SLAC’s planned project, the Light-Dark Matter Experiment (LDMX), will scan for light-dark matter if it receives funding (a Department of Energy decision is expected in the next year or so). The experiment is designed to accelerate electrons toward a tungsten target at End Station A. In the vast majority of collisions between high-speed electrons and tungsten nuclei, nothing interesting happens. But occasionally (once in 10,000 trillion, if light-dark matter exists), the electron will interact with the nucleus through an unknown dark force, creating light-dark matter and draining the electron’s energy considerably.
The 10,000 trillion is actually a worst-case scenario for light dark matter. It’s the lowest rate at which dark matter could be produced that matches the thermal remnant measurements. But Schuster says that light dark matter could potentially occur in more than one collision in 100 billion. If so, at the experiment’s planned collision speed, “the amount of dark matter that could be produced would be enormous.”
Nelson said LDMX needs to operate for three to five years to definitively detect or rule out thermal remnant dark matter.
Ultralight Dark Matter
Other dark matter hunters are tailoring their experiments to a different candidate. Ultralight dark matter is similar to axions, but it no longer needs to solve the strong CP problem. For this reason, it is much lighter than a normal axion, and could be as light as a billionth of a trillionth of the mass of an electron. This small mass corresponds to waves with wavelengths as long as a small galaxy. In fact, the mass cannot be made any smaller, because if it were to get smaller, the even longer wavelengths would mean that dark matter could not be concentrated around galaxies as astronomers observe.
Because ultralight dark matter is so incredibly tiny, the dark force particles needed to mediate its interactions are thought to be massive. “These mediators haven’t been named,” Schuster says, “because they’re outside the scope of any experiment. They have to be there.” [in the theory] To be consistent, we’re not worried about that.”

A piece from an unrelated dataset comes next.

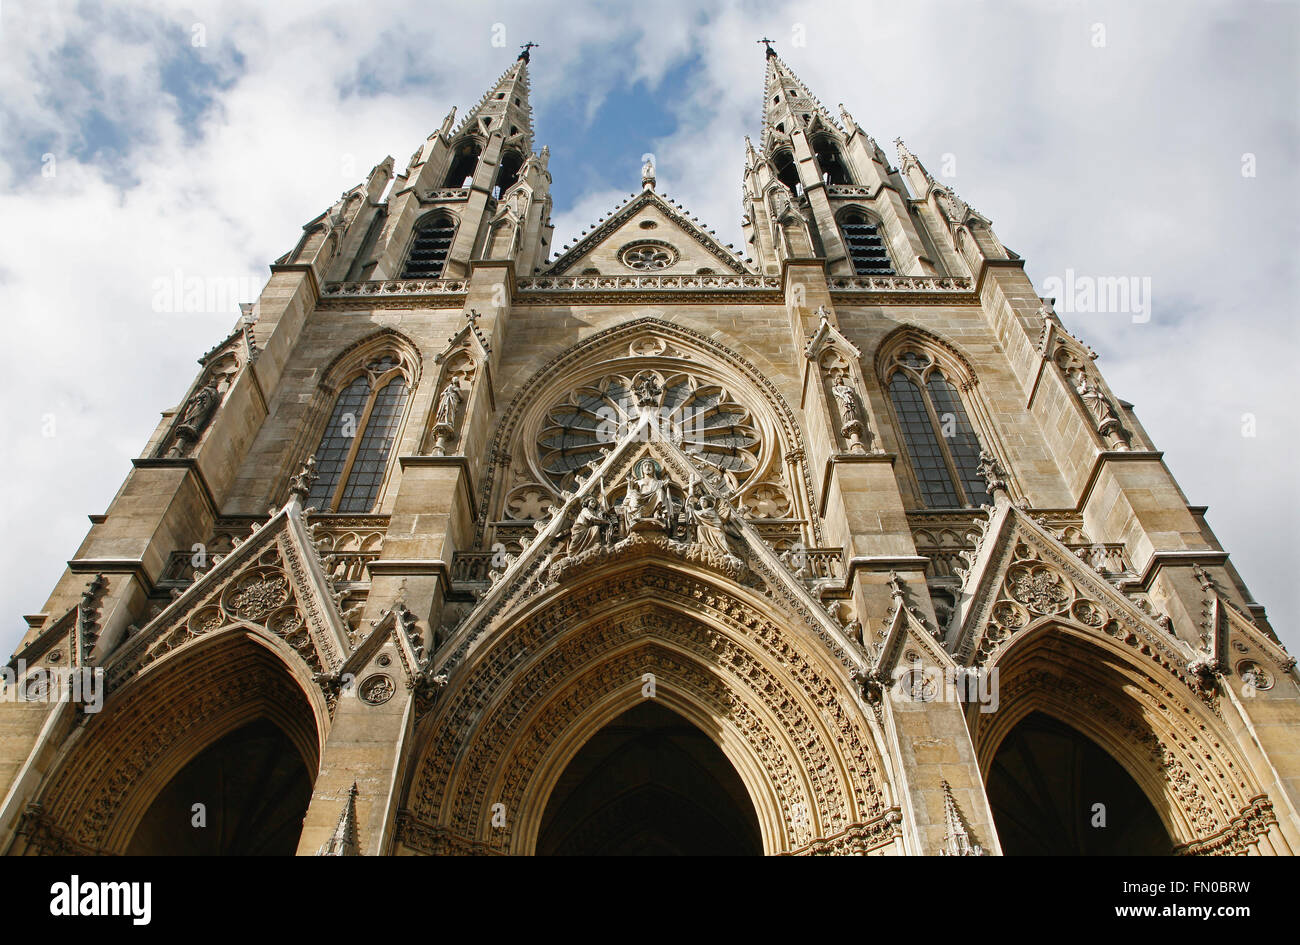 Paris - facade of Saint Clotilde gothic church - Stock Image

The origin of ultralight dark matter particles depends on the particular theoretical model, but Toro says that the thermal residue theory is irrelevant because they must have arisen after the Big Bang. The motivation for thinking about them is different: the particles follow naturally from string theory, a candidate for the fundamental theory of physics. These weak particles are Six Small Dimensions According to string theory, it is possible that at various points in the four-dimensional universe, light axion-like particles may be curling up or “compactifying.” “The existence of light axion-like particles is Strong motivation “This is something that gets achieved through many kinds of string compactification, and it’s something that we should take seriously,” said Jesse Shelton, a physicist at the University of Illinois.
Rather than trying to create dark matter using accelerators, experiments looking for axions, or ultralight dark matter, listen to the dark matter that supposedly surrounds us. Based on the effects of gravity, dark matter appears to be most concentrated near the center of the Milky Way galaxy. estimate Even on Earth, the density of dark matter is thought to be roughly half the mass of a proton per cubic centimeter. Experiments attempt to detect this ever-present dark matter using strong magnetic fields. In theory, the dark matter in the aether will occasionally absorb photons from the strong magnetic field and convert them into microwave photons that can be detected by experiments.